◆ **Data segment**:
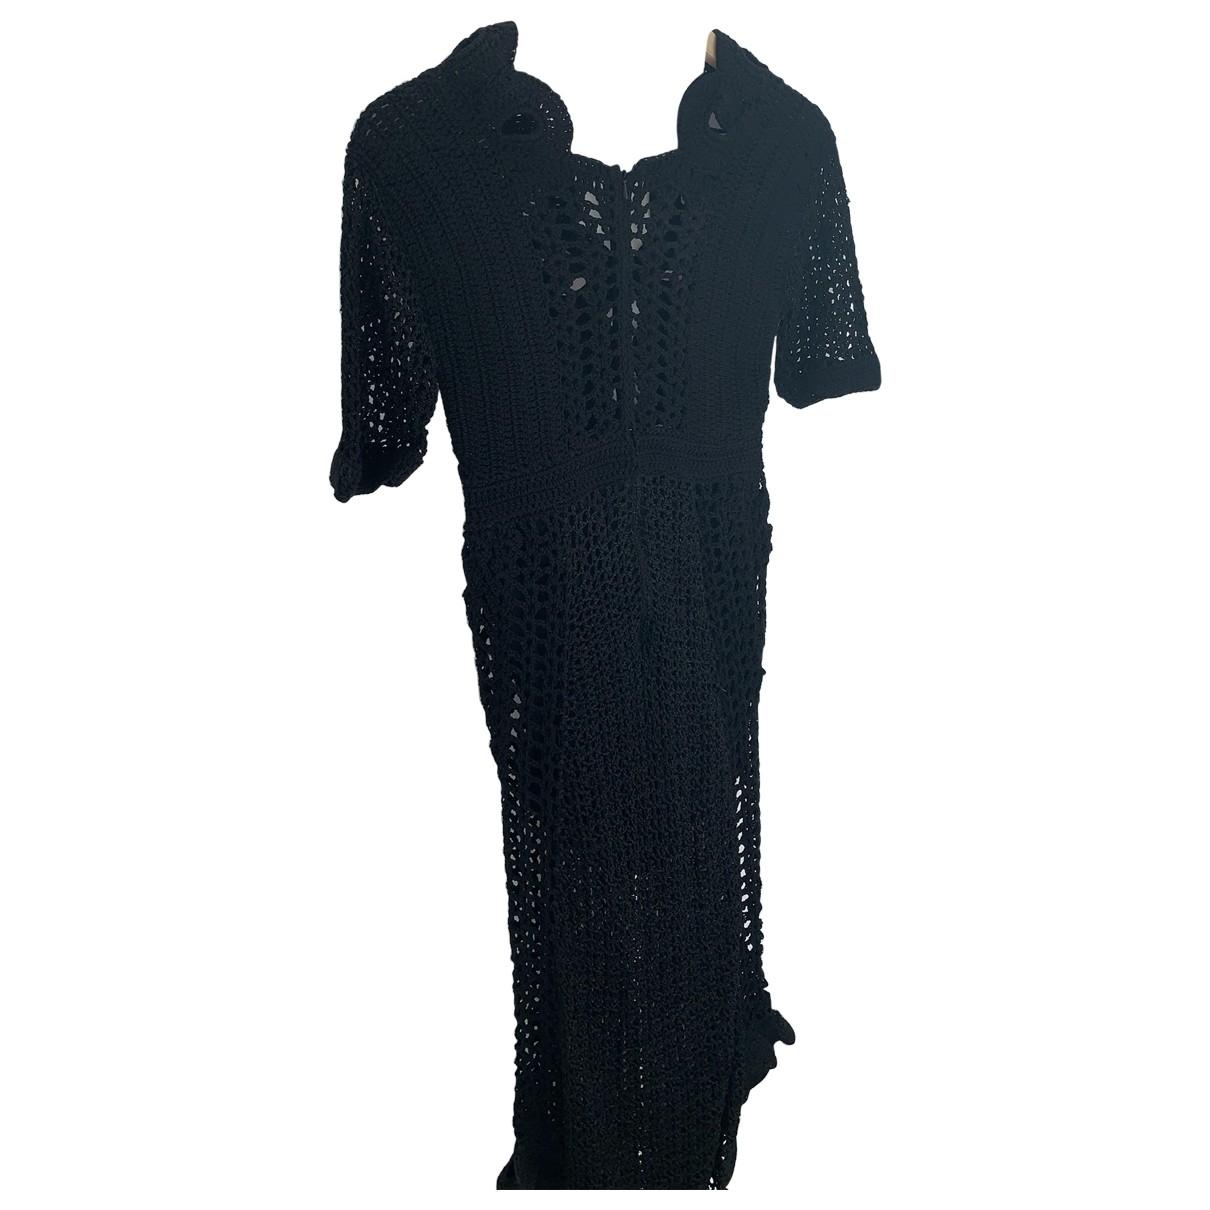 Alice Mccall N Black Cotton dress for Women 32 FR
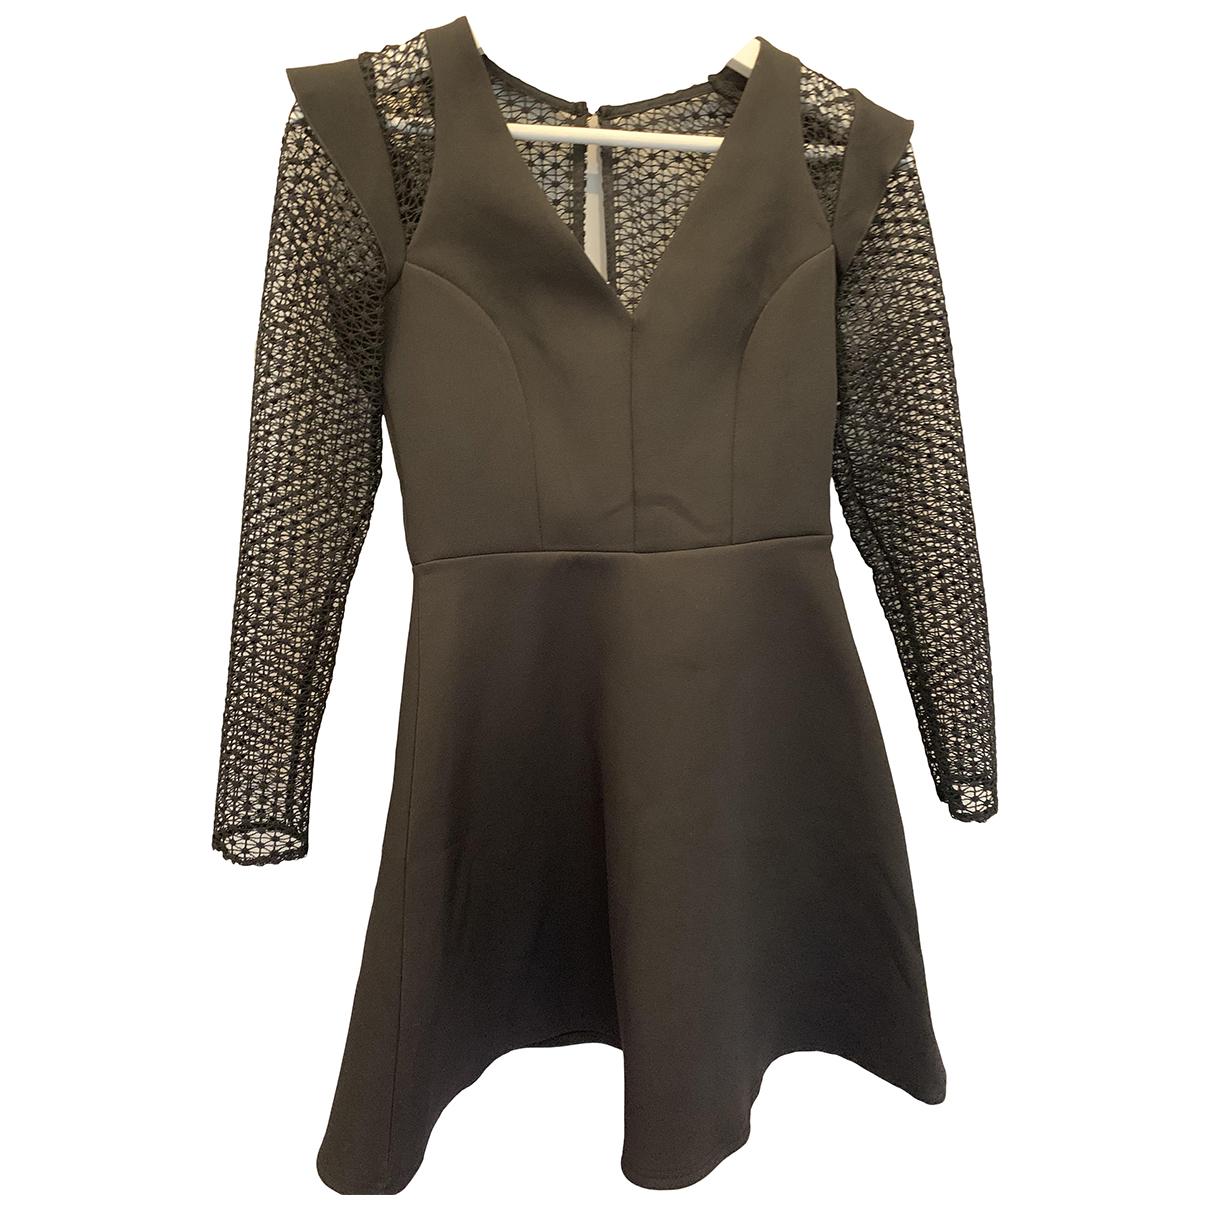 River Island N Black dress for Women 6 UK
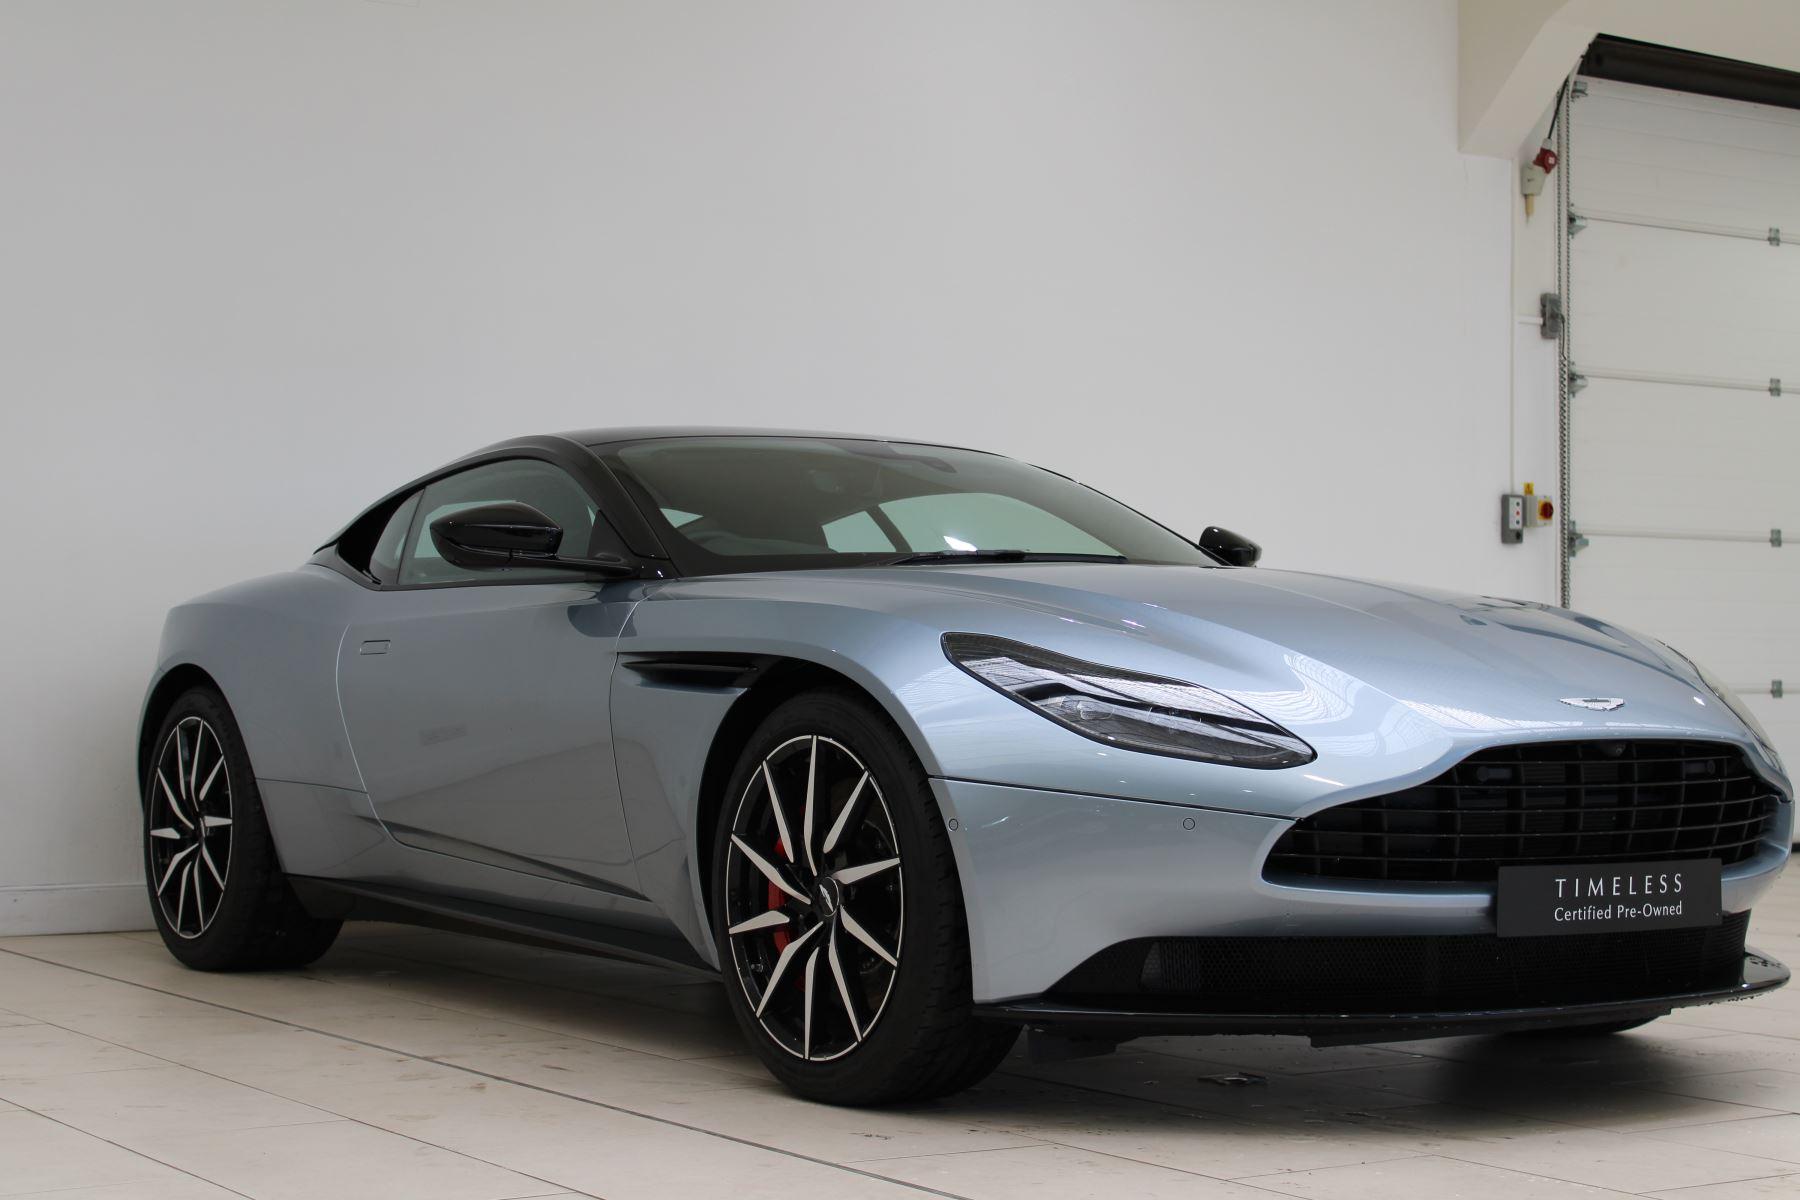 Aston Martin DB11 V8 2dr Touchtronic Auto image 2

◆ **Work to be completed**:
Nothing should appear in the answer except the lines from the one containing "River Island N Black dress for Women 6 UK" through the last line of the listing, given again exactly and with no pictures.

◆ **Solution for this problem**:
 River Island N Black dress for Women 6 UK
 Aston Martin DB11 V8 2dr Touchtronic Auto image 2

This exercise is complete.